On 10/27/08 10:10, James Carlson wrote:
yifan xu writes:
The VRRP project team invites you to review our current design. The document 
could
be found at:

http://www.opensolaris.org/os/project/vrrp/vrrp_design.pdf

I'll skip over most of the SMF instance discussion now happening on
[EMAIL PROTECTED], but I think that thread needs to be redirected
here, so that the networking community can comment on it.  The open
review isn't complete without it.  (You have my permission to resend
any of my messages on that topic to the list if you need.)

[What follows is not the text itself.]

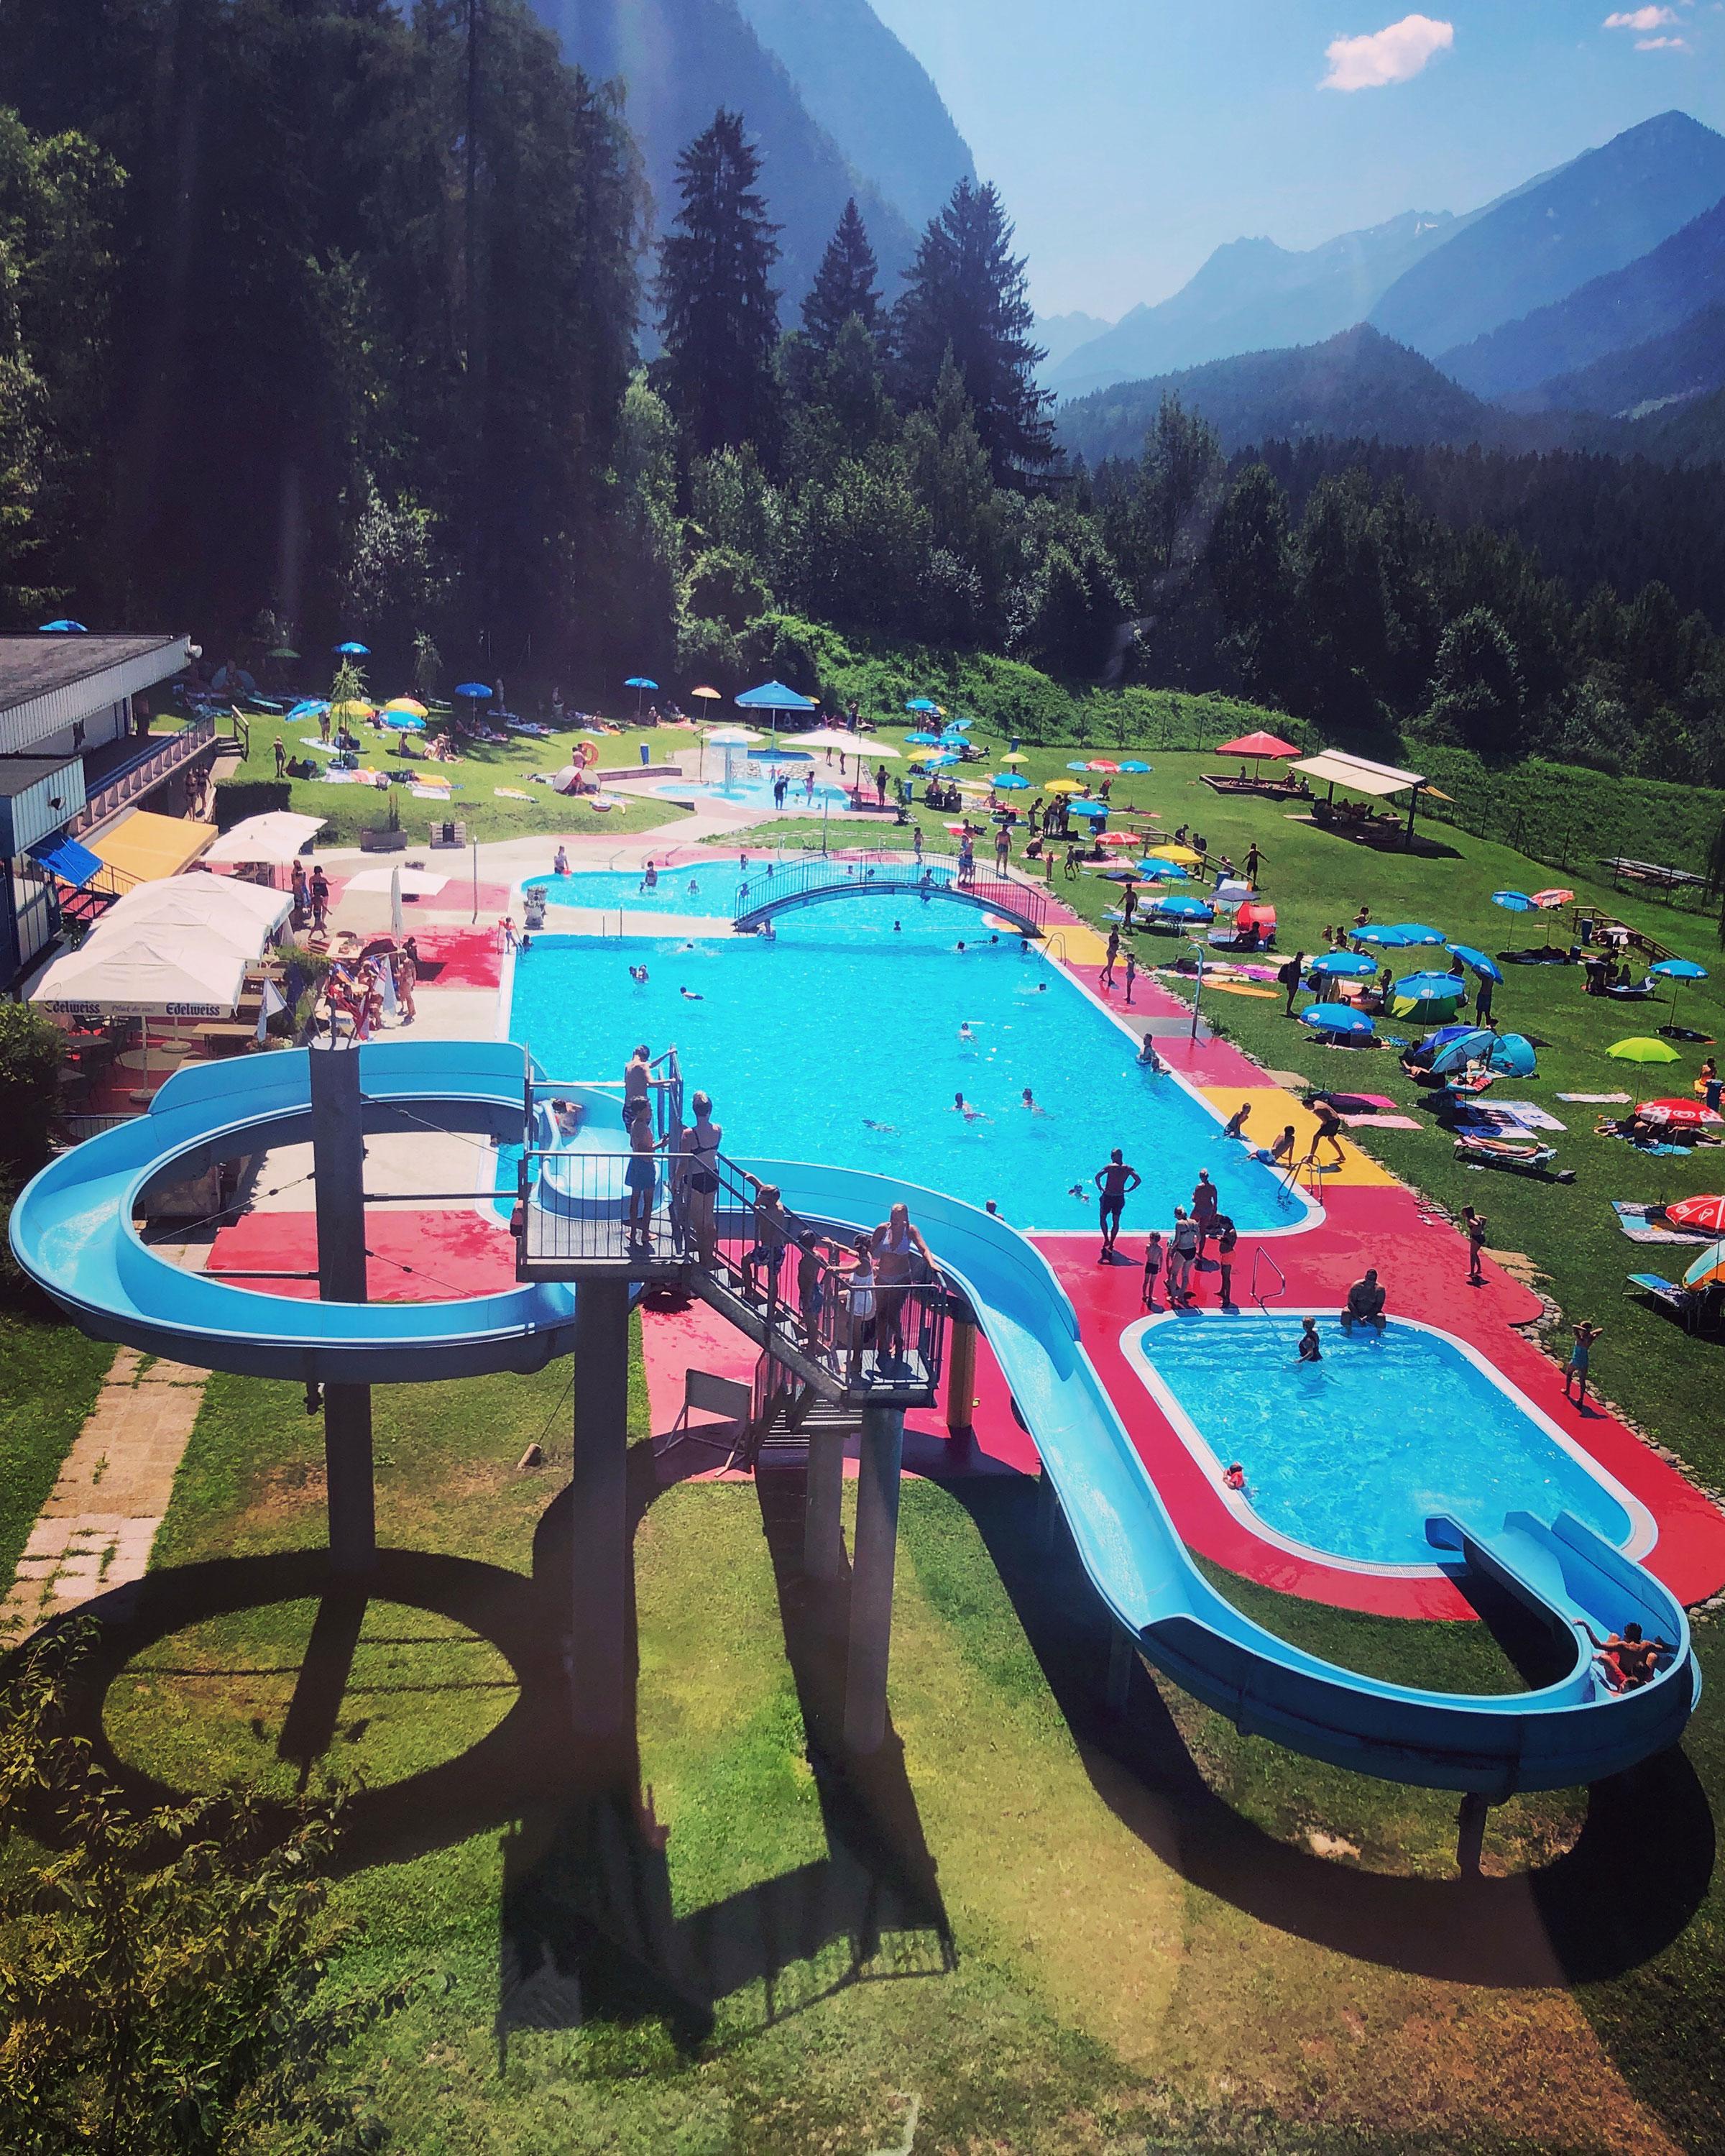 Erlebnisbad Oetz - Familienurlaub Ötztal Tirol

One high-level issue: this document appears to be mostly a functional
description of the new service and the library.  Will there be a
separate detailed design document to discuss the internal data
structures, algorithms, and any locking or lifetime issues, or is
section 7 intended to cover that as well?  (Or is it simple enough
that no formal design is needed?)

I don't think I understand VRRP groups.  The design describes in some
detail how to configure them and some of how they operate, but it
leaves out three crucial bits of information:

  a.  Why do we need them?  What problem do they solve or what
      necessary feature do they allow us to have?

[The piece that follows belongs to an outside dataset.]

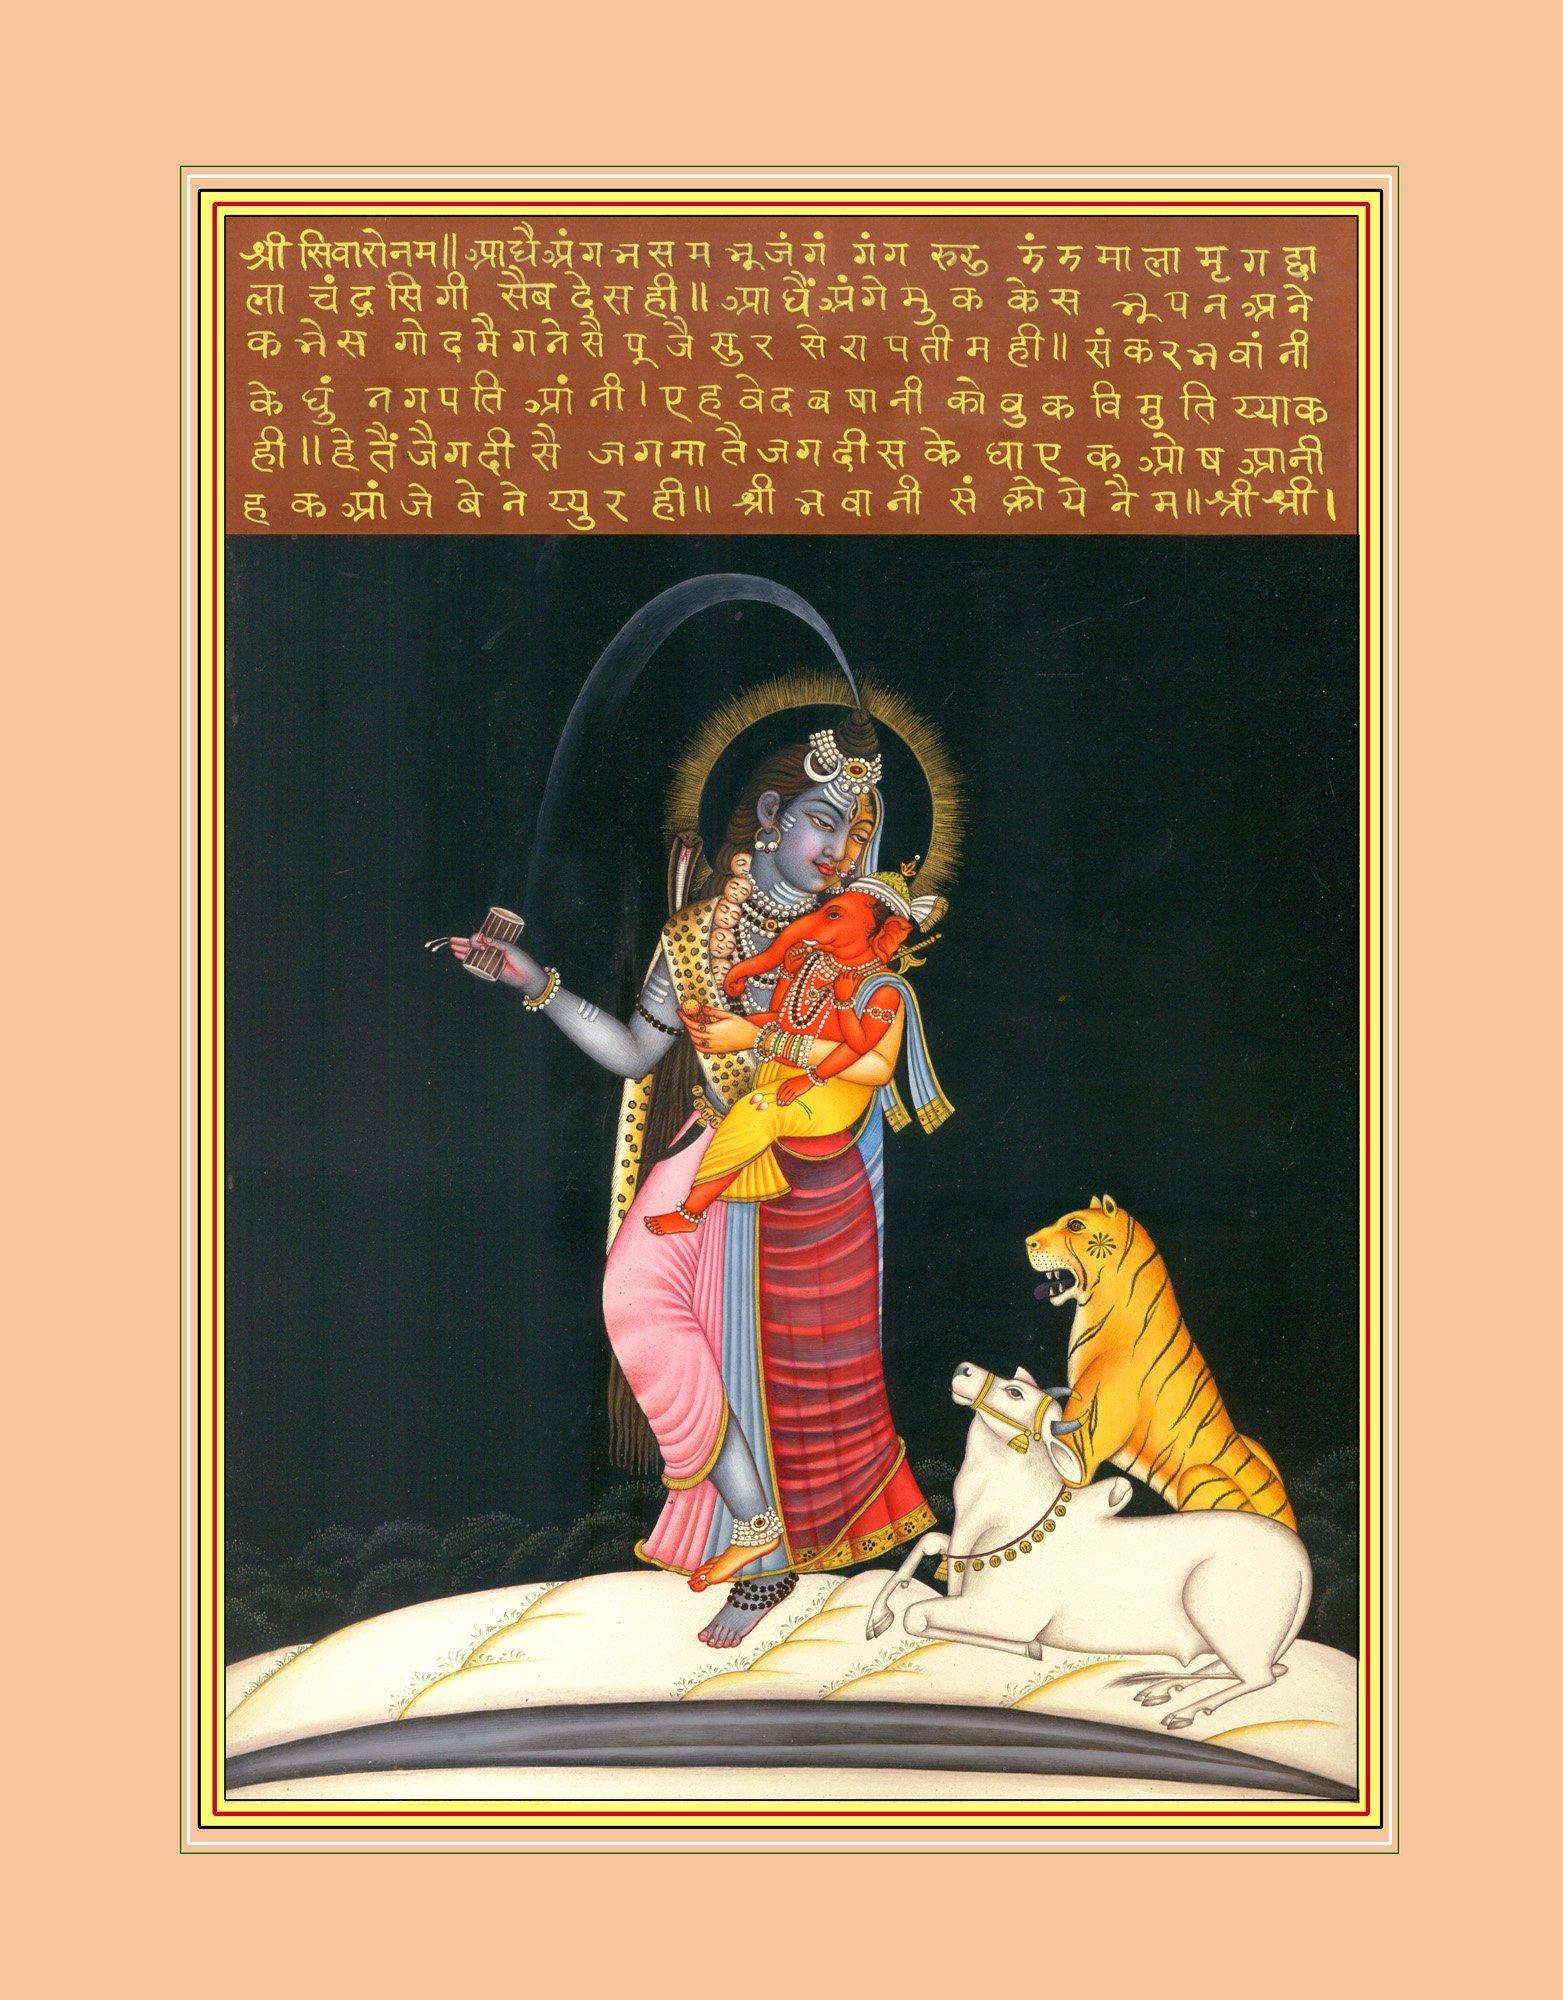 Ardha-Narishvara Shiva with Child Ganesha in Lap - Water Color Painting on Paper - Artist: Kailash Raj

  b.  What does it mean for a group to be in master or backup state?
      What things are true in each case?  An example that includes a
      simple configuration with two instances in a group and walks
      through a complete falk-over event would be very useful.

      (It appears that if one instance within a group of several fails
      over, then the "group" on multiple systems will be in state
      "Master" at the same time, because each of these systems will
      have an instance that's still in "Master" state.  Is that
      intentional?)

  c.  Do the instances within a group still behave independently?  In
      other words, if I have to fail over one interface within a
      group, does that fail-over still occur?  Or does group
      membership affect individual instance behavior in some way,
      preventing fail-over of an address when it otherwise would have
      happened?

In looking through other implementations, it seems that nobody else
has these higher-level group structures.  Perhaps more importantly,
the term "VRRP group" already has a defined meaning in the industry:
it's a set of routers managing a virtual IP address.  It's what you're
calling an "instance."  Exposing the higher-level structures to users
as "groups" sounds like something that will be confusing -- because
"group" doesn't mean here what it means everywhere else.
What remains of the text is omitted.